Urgensi Ketahanan Pangan

Oleh Humas     Dipublikasikan pada 4 Maret 2015
Kategori: Opini
Dibaca: 28.250 Kali

eddy_cahyono_sugiartoOleh: Eddy Cahyono Sugiarto, Staf Sekretariat Kabinet

Pangan merupakan soal mati-hidupnya suatu bangsa; apabila kebutuhan pangan rakyat tidak dipenuhi maka “malapetaka”; oleh karena itu perlu usaha secara besar-besaran, radikal, dan revolusioner (Ir. Soekarno)”.

Cuplikan Pidato Presiden RI pertama Ir. Soekarno tersebut mengingatkan kita akan arti penting ketahanan pangan.

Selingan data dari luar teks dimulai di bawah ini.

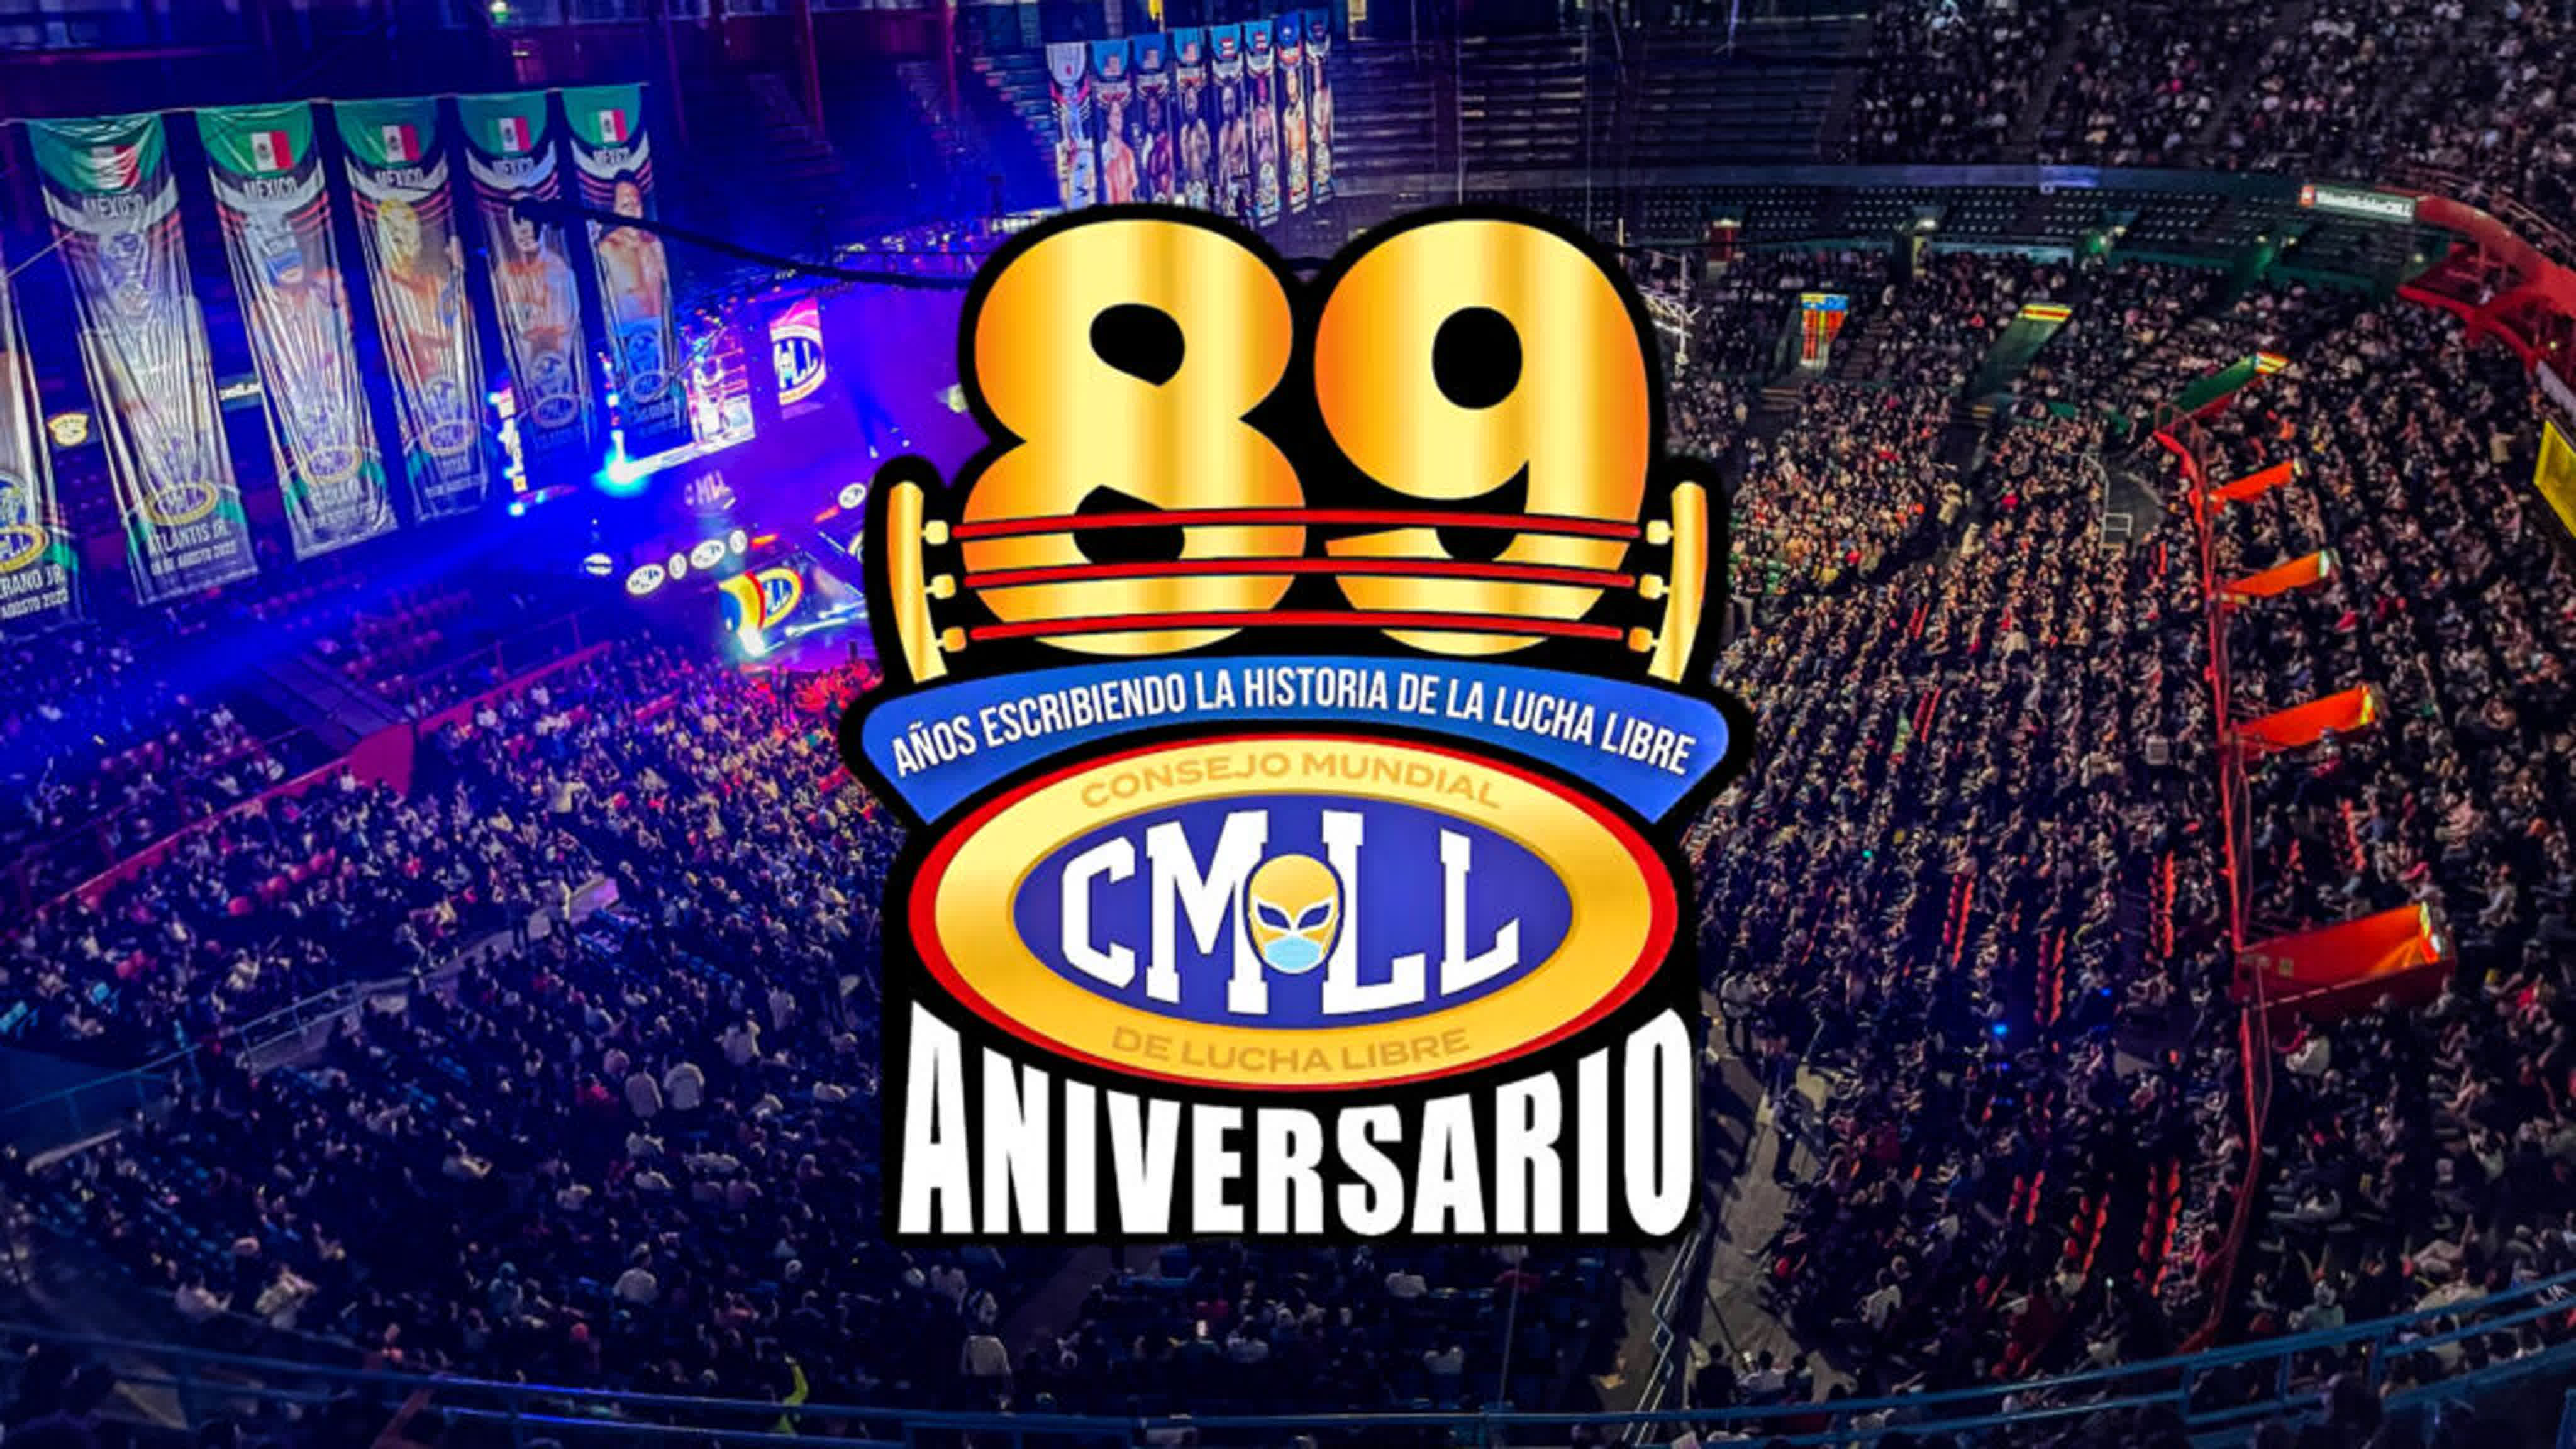 CMLL (Consejo Mundial De Lucha Libre)

Isu pangan akan menjadi isu strategis yang terus mewarnai  dinamika perkembangan ekonomi dan politik setiap bangsa,  hal ini tidaklah berlebihan, mengingat  pangan  menjadi  salah satu kebutuhan dasar manusia guna mempertahankan hidup.

Pemenuhan kebutuhan pangan bagi warga negara identik dengan hak asasi, sebagaimana diatur dalam Undang-Undang  Nomor  18 Tahun 2012 tentang Pangan, yang menyatakan bahwa pangan merupakan kebutuhan dasar manusia paling utama, dan pemenuhannya merupakan hak asasi setiap rakyat Indonesia.

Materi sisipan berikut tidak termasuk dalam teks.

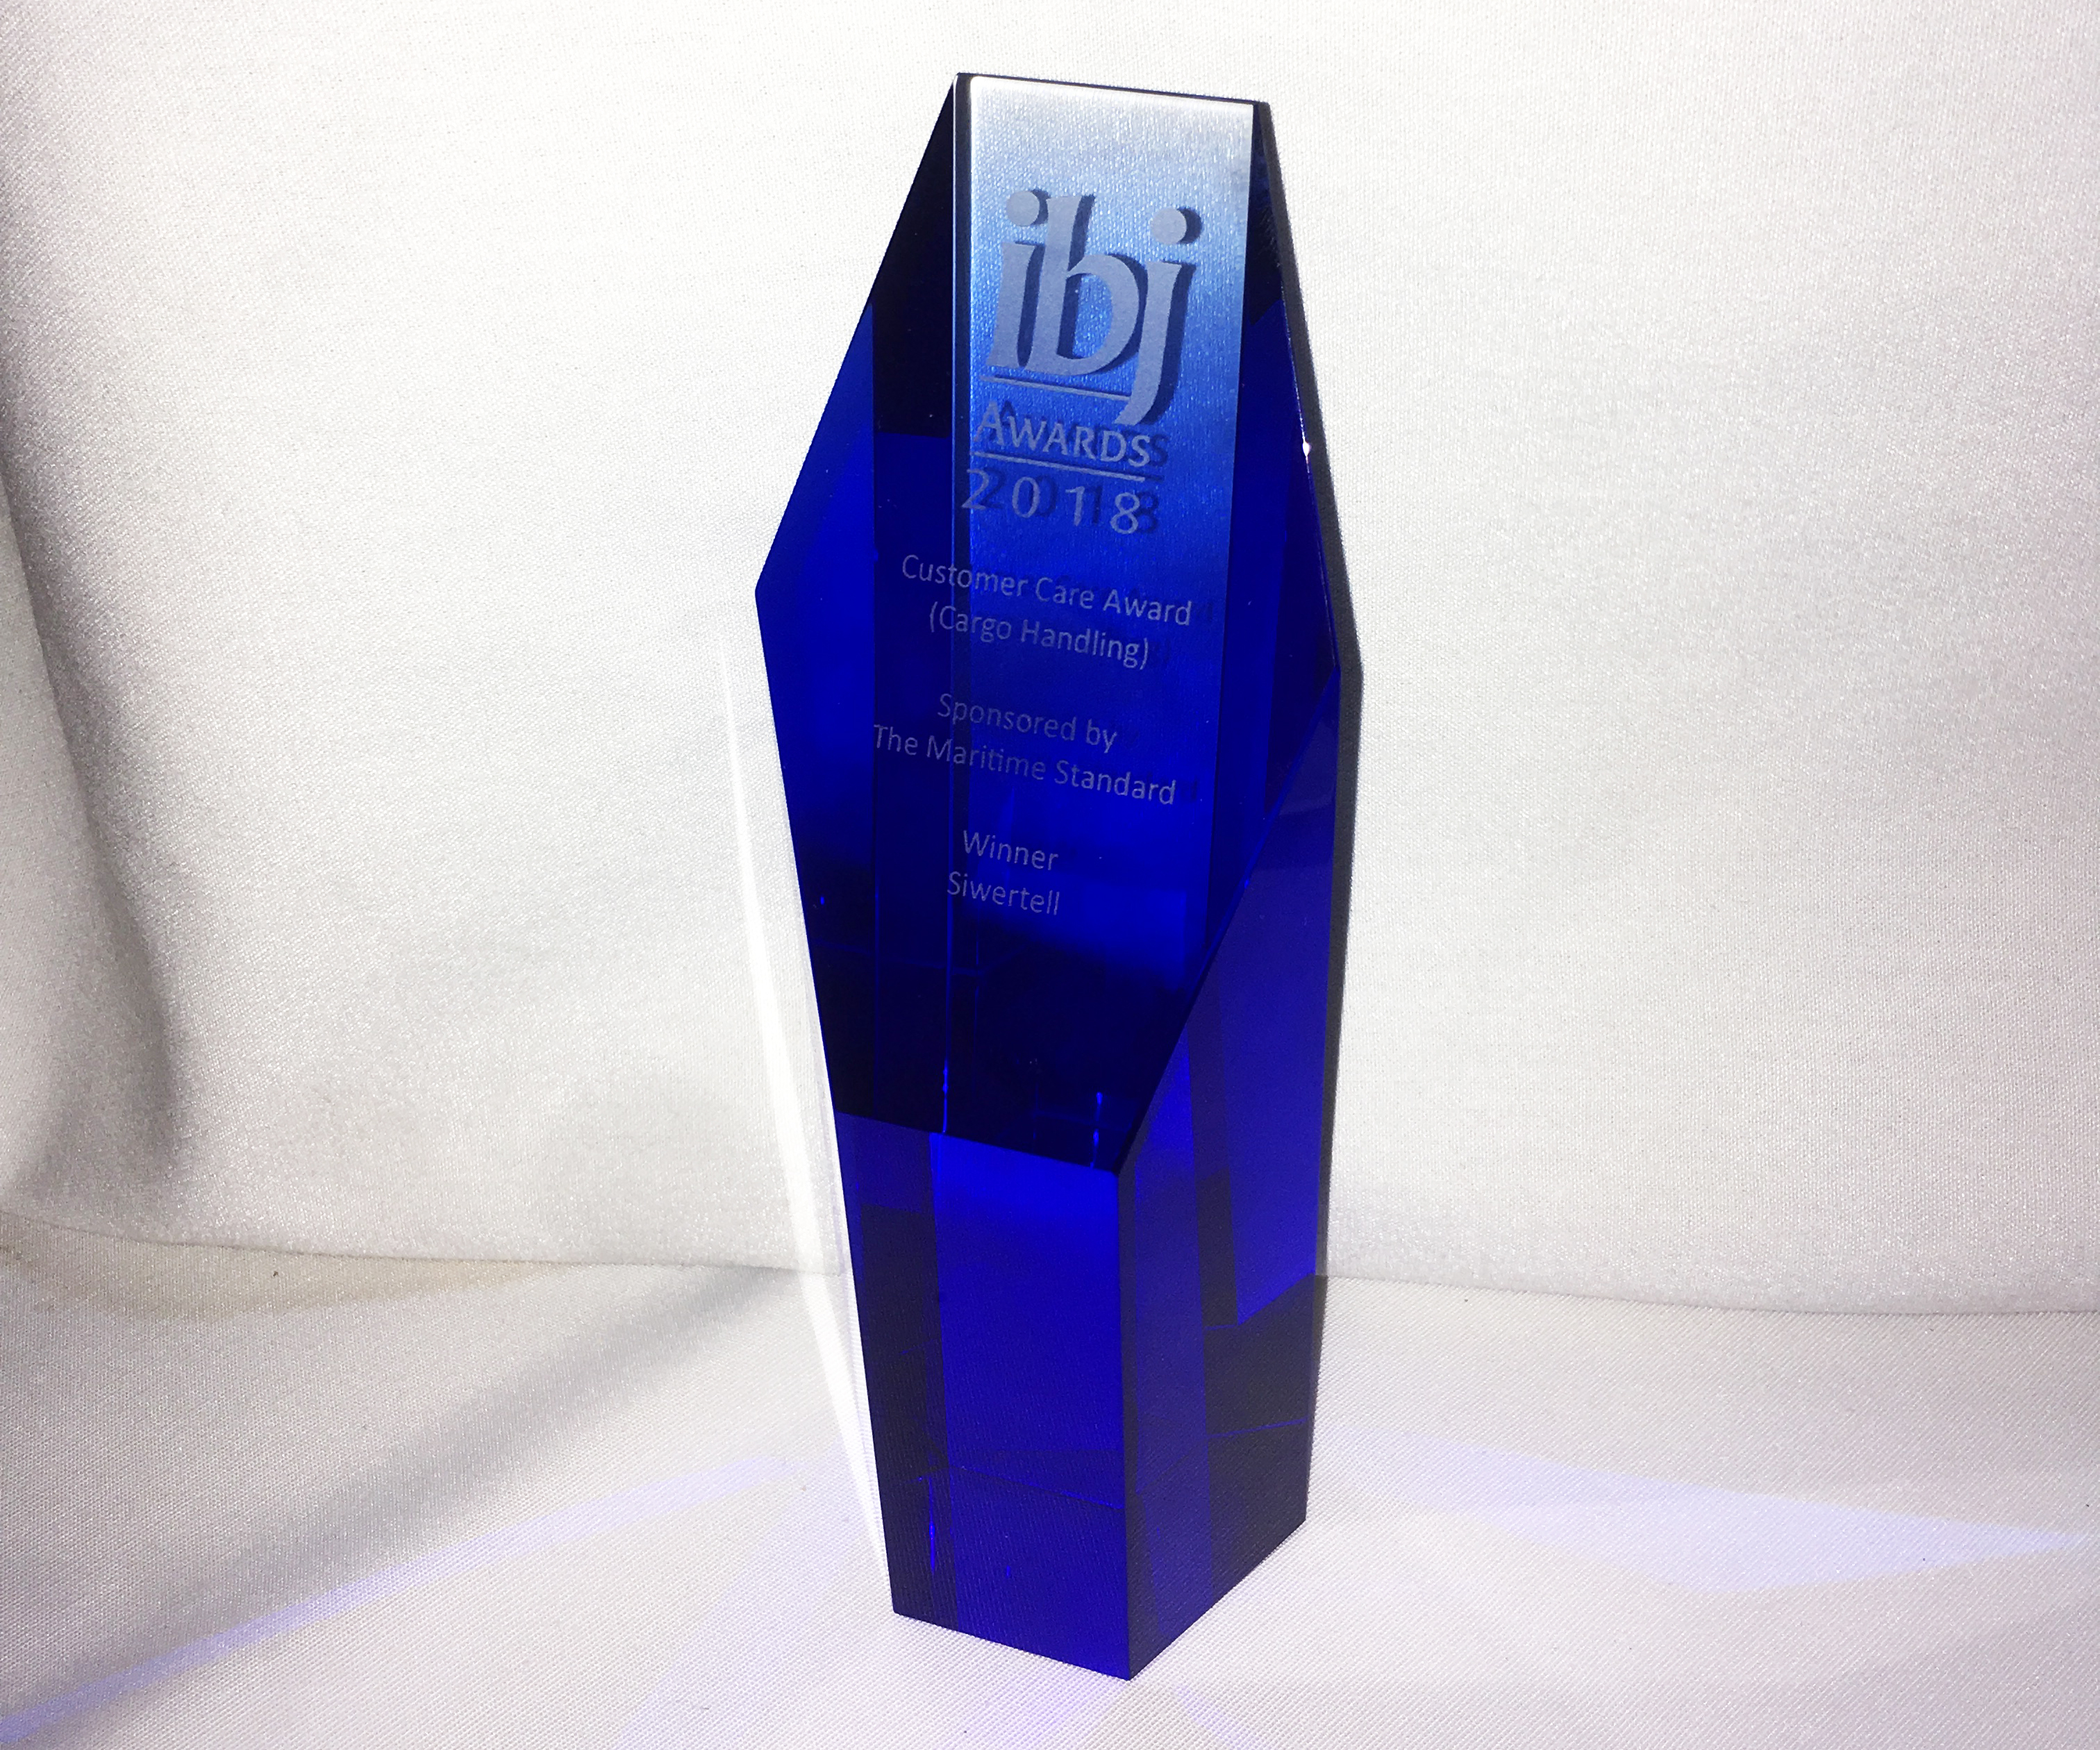 Ibj awards prize 2018

Sebagaimana kita ketahui,  UU Pangan bukan hanya berbicara tentang ketahanan pangan, namun juga memperjelas dan memperkuat tentang pentingnya pencapaian ketahanan pangan dengan mewujudkan kedaulatan pangan (food soveregnity), kemandirian pangan (food resilience)  serta keamanan pangan (food safety).

Capaian ketahanan pangan secara sederhana dapat dicermati dari tersedianya pangan yang cukup, baik jumlah maupun mutunya, aman, beragam, bergizi, merata, dan terjangkau sehingga masyarakat  dapat hidup sehat, aktif, dan produktif secara berkelanjutan.

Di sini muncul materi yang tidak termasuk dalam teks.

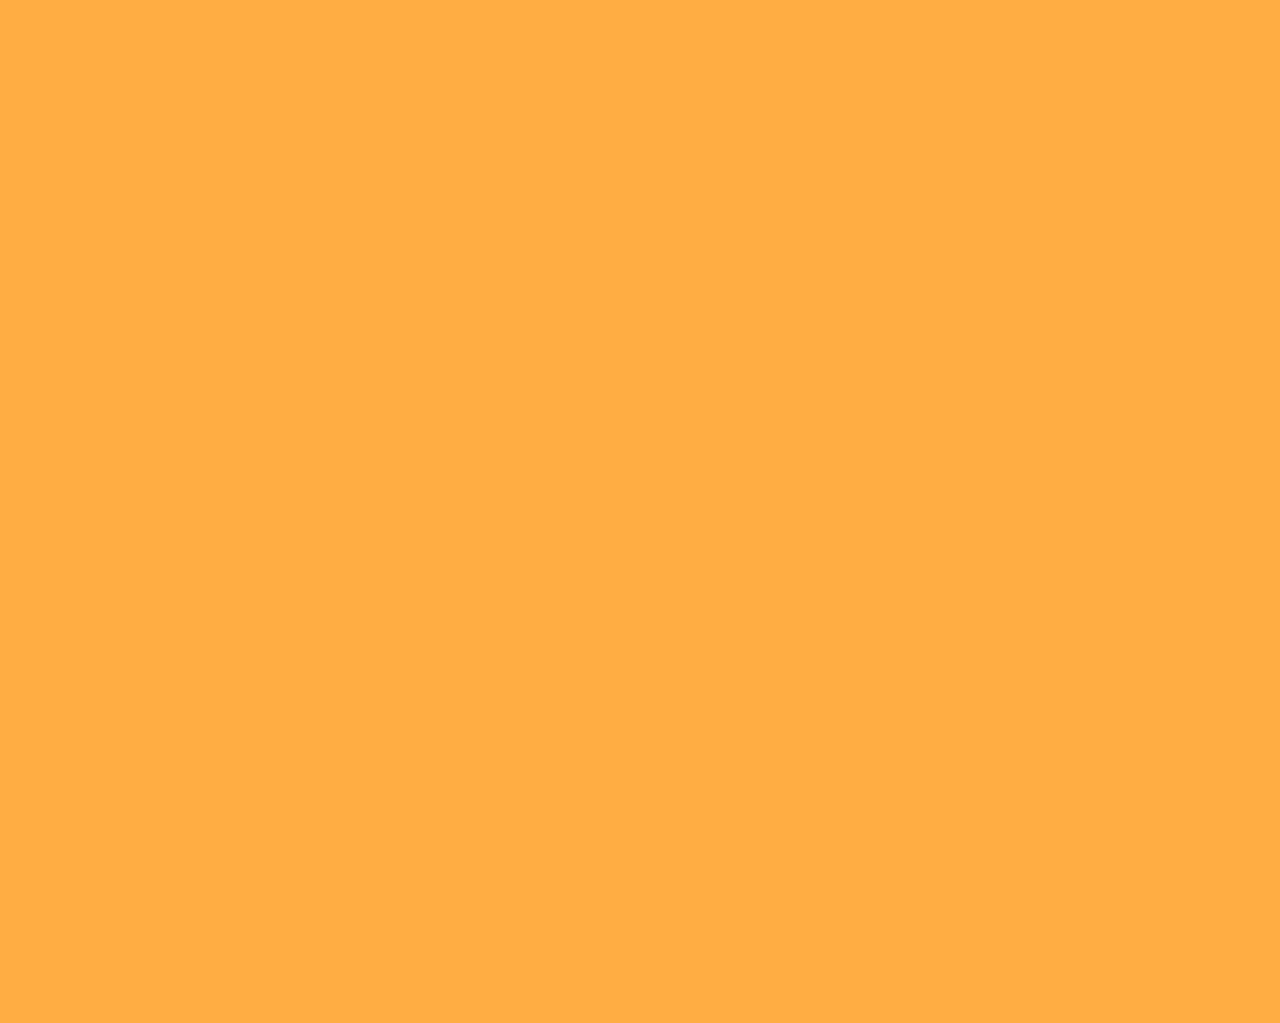 Free download Solid Orange Background 1280x1024 yellow orange

Bagi Indonesia upaya memantapkan  ketahanan pangan  tampaknya menjadi  tantangan tersendiri. Dengan tingginya laju pertumbuhan penduduk yang terus bertambah, sekitar 1,1 persen per tahun atau 2,5 juta orang, di sisi lain perubahan iklim mengancam kemampuan produksi pangan Indonesia, yang mengakibatkan ketergantungan pada impor terus menerus menggerus devisa Indonesia.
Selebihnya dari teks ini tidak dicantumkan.